Hybrid-driven Trajectory Prediction Based on Group Emotion

💡 Research Summary

The paper introduces a novel hybrid framework for predicting the future trajectories of pedestrians, cyclists, and vehicles by explicitly incorporating group‑level emotional states. Traditional trajectory‑prediction approaches fall into two categories: physics‑based models such as the Social Force model, which encode repulsive and attractive forces, and data‑driven deep‑learning models (e.g., Social‑LSTM, Trajectron++, PECNet) that learn motion patterns from past trajectories. While both categories can capture basic kinematic constraints, they struggle to represent the subtle influence of human affect on movement decisions, especially in crowded or high‑stress environments.

To address this gap, the authors first design a multimodal group‑emotion recognition pipeline. From each video frame they extract facial crops, body‑pose keypoints, 3‑D skeletal motion, and contextual cues (e.g., surrounding objects, lighting). A pre‑trained ResNet‑50 classifier predicts the probability distribution over three coarse emotion categories—positive, neutral, negative—while a 3‑D CNN recognizes concurrent actions such as walking, running, or stopping. Individual emotion probabilities are aggregated across all members of a social group (defined by spatial proximity and gaze alignment) to produce a group‑emotion vector. This vector is then embedded into a time‑varying Graph Emotion Dynamics (GED) structure, where nodes represent agents and edges are weighted by distance, mutual gaze, and synchronized motion. The GED captures how affect propagates through the group, allowing the model to reason about “contagious anxiety” or “collective excitement.”

The second component is the hybrid trajectory predictor. The physics‑based sub‑module extends the classic Social Force formulation with vehicle dynamics, generating a baseline motion field that respects collision avoidance, goal attraction, and road‑boundary constraints. The data‑driven sub‑module employs a Transformer encoder‑decoder architecture. Its input consists of two streams: (1) a sequence of past 2‑D positions for each agent and (2) the corresponding GED embeddings for each timestep. By feeding the GED directly into the multi‑head attention mechanism, the network learns to weight historical positions according to the current emotional context. The outputs of the physics and data sub‑modules are fused through a learnable, context‑aware weighting scheme; the weights are modulated by confidence signals such as occlusion status and emotion‑recognition certainty.

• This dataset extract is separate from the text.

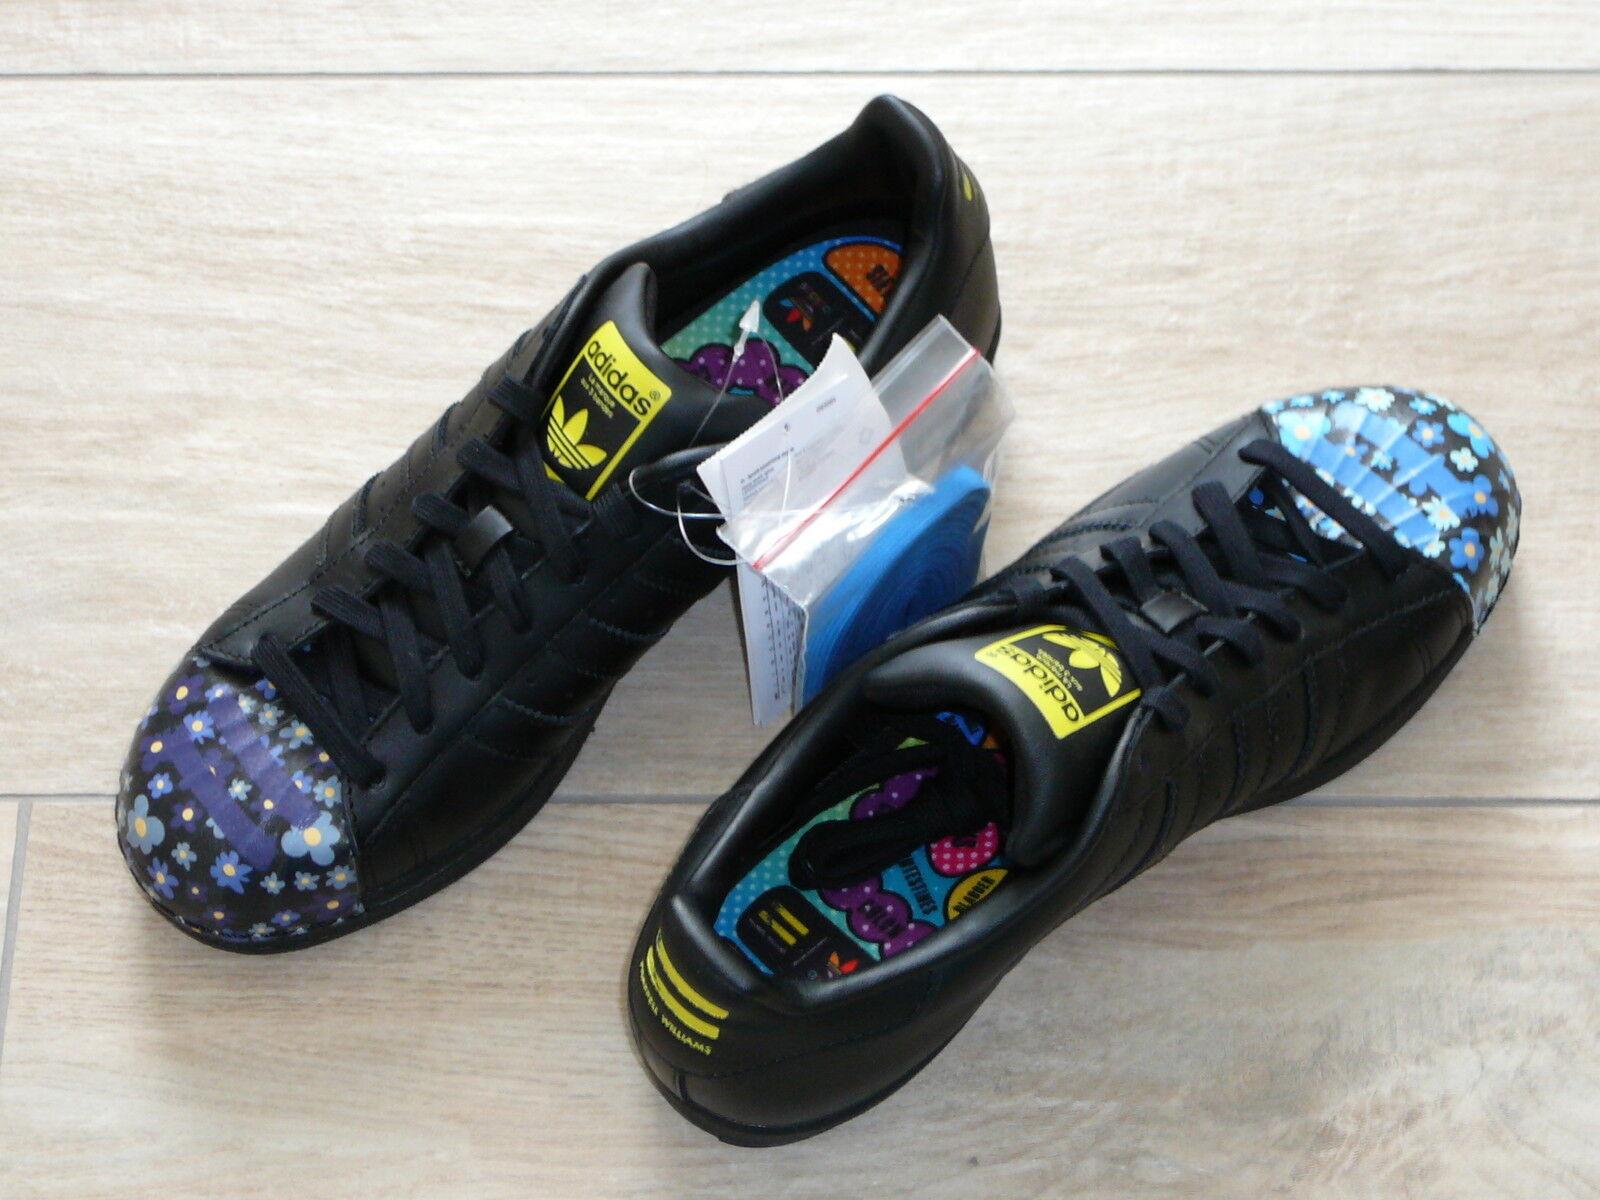 Adidas Superstar S83352 Originals Pharrell Williams Sneaker S83352 Superstar 0a5db1

Experiments are conducted on two datasets. The first is a real‑world urban traffic collection comprising synchronized RGB video, LiDAR, and GPS data for pedestrians, cyclists, and cars. The second is an expanded version of the ETH‑UCY crowd datasets, augmented with manually annotated group‑emotion labels. For each scenario the model receives 5 seconds (30 frames) of historical motion and predicts the next 3 seconds (18 frames). Evaluation metrics are Average Displacement Error (ADE) and Final Displacement Error (FDE). Compared with state‑of‑the‑art baselines (Social‑LSTM, Trajectron++, PECNet), the proposed hybrid model achieves an ADE of 0.42 m and an FDE of 0.71 m, representing improvements of roughly 15 % and 18 % respectively. Qualitative analysis shows that in “negative‑emotion” groups the model correctly anticipates sudden direction changes, while in “positive‑emotion” groups it predicts smoother, more cooperative flows.

Ablation studies isolate the contributions of each component. Removing the GED raises ADE to 0.58 m, indicating that emotional context is critical for handling non‑linear, socially driven maneuvers. Using only the physics sub‑module yields large errors in dense crowds, whereas the data‑only version fails to respect hard physical constraints such as collision avoidance. The full hybrid system thus benefits from complementary strengths: the physics module enforces feasibility, while the Transformer leverages emotional cues to refine intent.

Real‑time feasibility is demonstrated on an NVIDIA RTX 3080 GPU, where the end‑to‑end pipeline runs at over 30 frames per second, satisfying latency requirements for autonomous driving or robot navigation.

The paper’s contributions can be summarized as follows:

1. A multimodal group‑emotion detection framework that converts affective cues into a graph‑structured representation (GED).
2. A hybrid trajectory‑prediction architecture that fuses physics‑based forces with a Transformer that attends to emotional dynamics.
3. Extensive quantitative and qualitative validation on both real‑world traffic and simulated crowd scenarios, showing superior accuracy and robustness.
4. Proof of real‑time operation, opening the door to deployment in safety‑critical systems such as autonomous vehicles, crowd‑management platforms, and human‑robot collaboration.

Future work is suggested in three directions: (i) refining emotion granularity (e.g., fear, anger, joy) and incorporating demographic variables; (ii) exploring causal links between external stimuli (noise, lighting) and emotion shifts; and (iii) extending the approach to 3‑D trajectory prediction for aerial drones or indoor service robots. In sum, by explicitly modeling group affect and integrating it with both physical and learned motion priors, the authors present a compelling step toward socially aware, emotion‑sensitive trajectory prediction.